Role-based access: only users with role='coach' can access
Soft-delete pattern: end_date controls active relationships
Coaches only see their own linked clients

External Service Integrations

Google OAuth2 / Identity

Attribute	Value
Purpose	User authentication
Scopes	`openid`, `email` (basic) or + `gmail.readonly` (full)
Trust Basis	Industry-standard OAuth2 provider
Risk Level	Medium

Justification: Required for core functionality. Google is a trusted OAuth provider with robust security practices.

Gmail API

Attribute	Value
Purpose	Read job-related emails
Scope	`gmail.readonly`
Access Pattern	Filtered queries only
Trust Basis	User-authorized, read-only access
Risk Level	Medium

Justification: Core feature requirement.

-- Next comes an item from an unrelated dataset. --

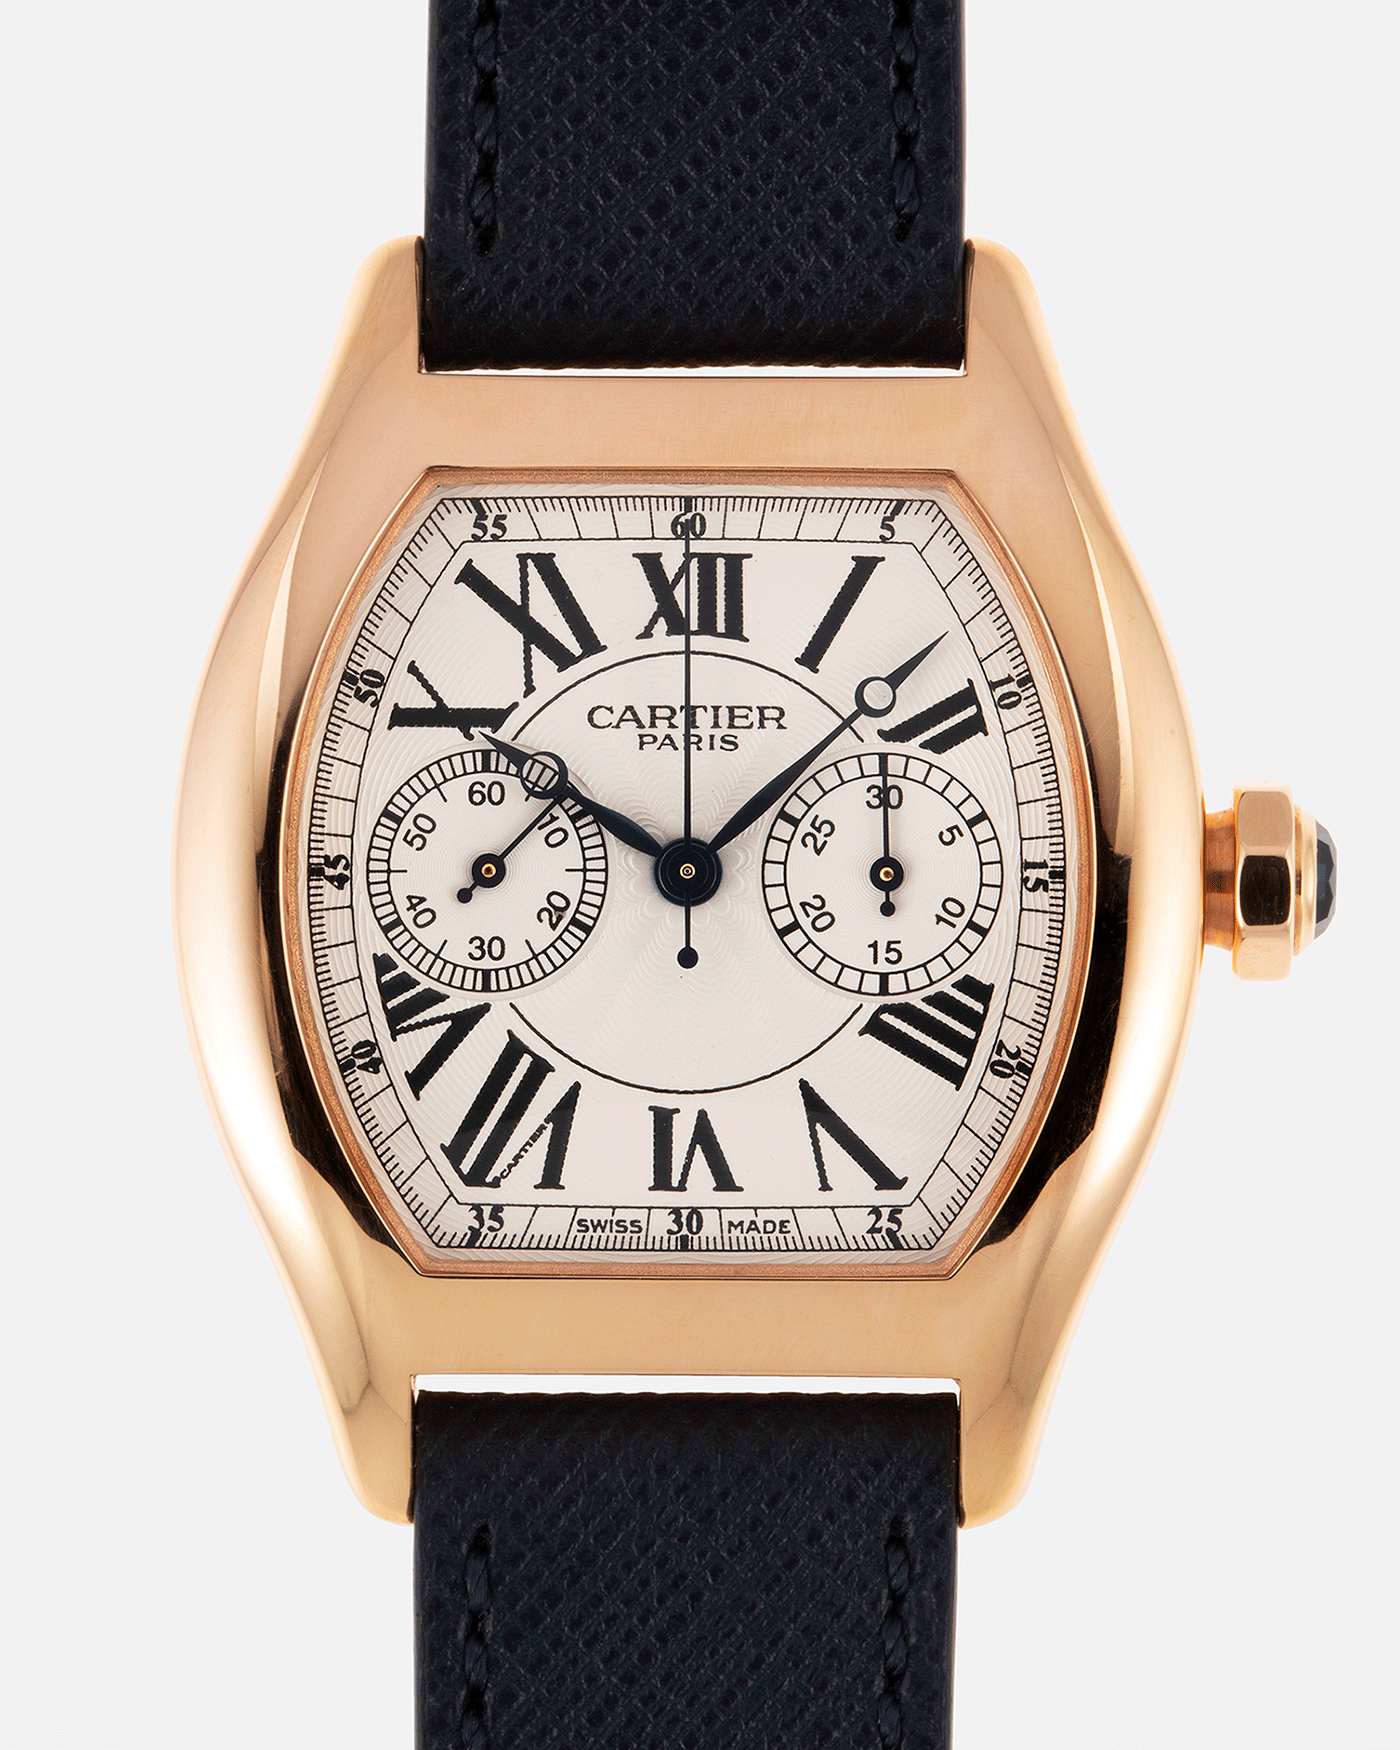 Brand: Cartier Year: 2000’s Model: CPCP Collection Prive Tortue Monopoussoir Reference: 2661 Material: 18k Rose Gold Movement: THA Cal. 045MC Case Diameter: 43 x 35 mm Strap: Navy Blue Molequin Textured Calf Strap with separate 18k Cartier Rose Gold Deployant

Scope is minimized to read-only. Queries are filtered to job-related domains/keywords before fetching.

Google Gemini API

Attribute	Value
Purpose	Email classification
Data Sent	Email content for analysis
Trust Basis	Paid API with contractual data protection
Risk Level	Medium

Justification: Enables automated classification without building custom ML. Paid tier contractually prohibits training on customer data.

Stripe

Attribute	Value
Purpose	Payment processing
Data Sent	User ID (in metadata), payment amounts
Trust Basis	PCI-DSS compliant payment processor
Risk Level	High (payment data)

Justification: Industry-standard payment processor. No card data handled by our servers. Webhook signature verification ensures event authenticity.

PostHog

Attribute	Value
Purpose	Usage analytics
Data Sent	Page views, feature usage events
Trust Basis	Privacy-focused analytics platform
Risk Level	Low

Justification: Helps improve product. Routed through first-party proxy to reduce tracking concerns. Optional for core functionality.

Security Controls

Authentication & Session Management

Control	Implementation	Location
CSRF Protection	OAuth state parameter	`auth_routes.py:63-78`
Session Validation	Cookie + server-side match	`session_layer.py:41-90`
Secure Cookies	`__Secure-` prefix in production	`cookie_utils.py`
Token Refresh	Proactive refresh at 5-min threshold	`session_layer.py:120-133`
Inactive User Blocking	`is_active` flag check	`session_layer.py:77-87`

Rate Limiting

Endpoint	Limit
`/auth/google`	10/minute
`/processing/start`	5/minute
`/stripe/webhook`	100/minute
Most endpoints	10-30/minute

Encryption

Data	Method	Key Management
OAuth tokens (DB)	Symmetric AWS KMS	`AWS_KMS_*` env var

Data Classification

All sensitive data is classified into protection levels with corresponding security controls.

Classification Levels

Level	Description	Examples
CRITICAL	Encryption keys, API secrets	`AWS_KMS_`, `STRIPE_SECRET_KEY`
HIGH	OAuth tokens, credentials	Refresh tokens, access tokens
MEDIUM	PII (emails, payment IDs)	User email, Stripe customer ID
LOW	Application metadata	Company name, job title, application status
PUBLIC	Non-sensitive data	Application version, feature flags

Protection Requirements Matrix

Each classification level has specific requirements across five security dimensions:

Level	Encryption at Rest	Encryption in Transit	Integrity	Retention	Access Control
CRITICAL	N/A (not stored)	TLS (1.2 preferred)	Fail-fast validation	Rotate annually minimum	Infrastructure team only
HIGH	Required (Fernet AES-128)	TLS (1.2 preferred)	Decrypt validation	Until account deletion	User-scoped, system processes
MEDIUM	Not required	TLS (1.2 preferred)	Schema validation	Until account deletion	User-scoped, authorized coaches
LOW	Not required	TLS (1.2 preferred)	Schema validation	Until account deletion	User-scoped, authorized coaches
PUBLIC	Not required	TLS recommended	None	No restriction	No restriction

Note: AWS Lightsail container services support TLS 1.0, 1.1, and 1.2. TLS 1.2 is negotiated by default with modern browsers. TLS version cannot be restricted at the container service level without adding a Lightsail Distribution.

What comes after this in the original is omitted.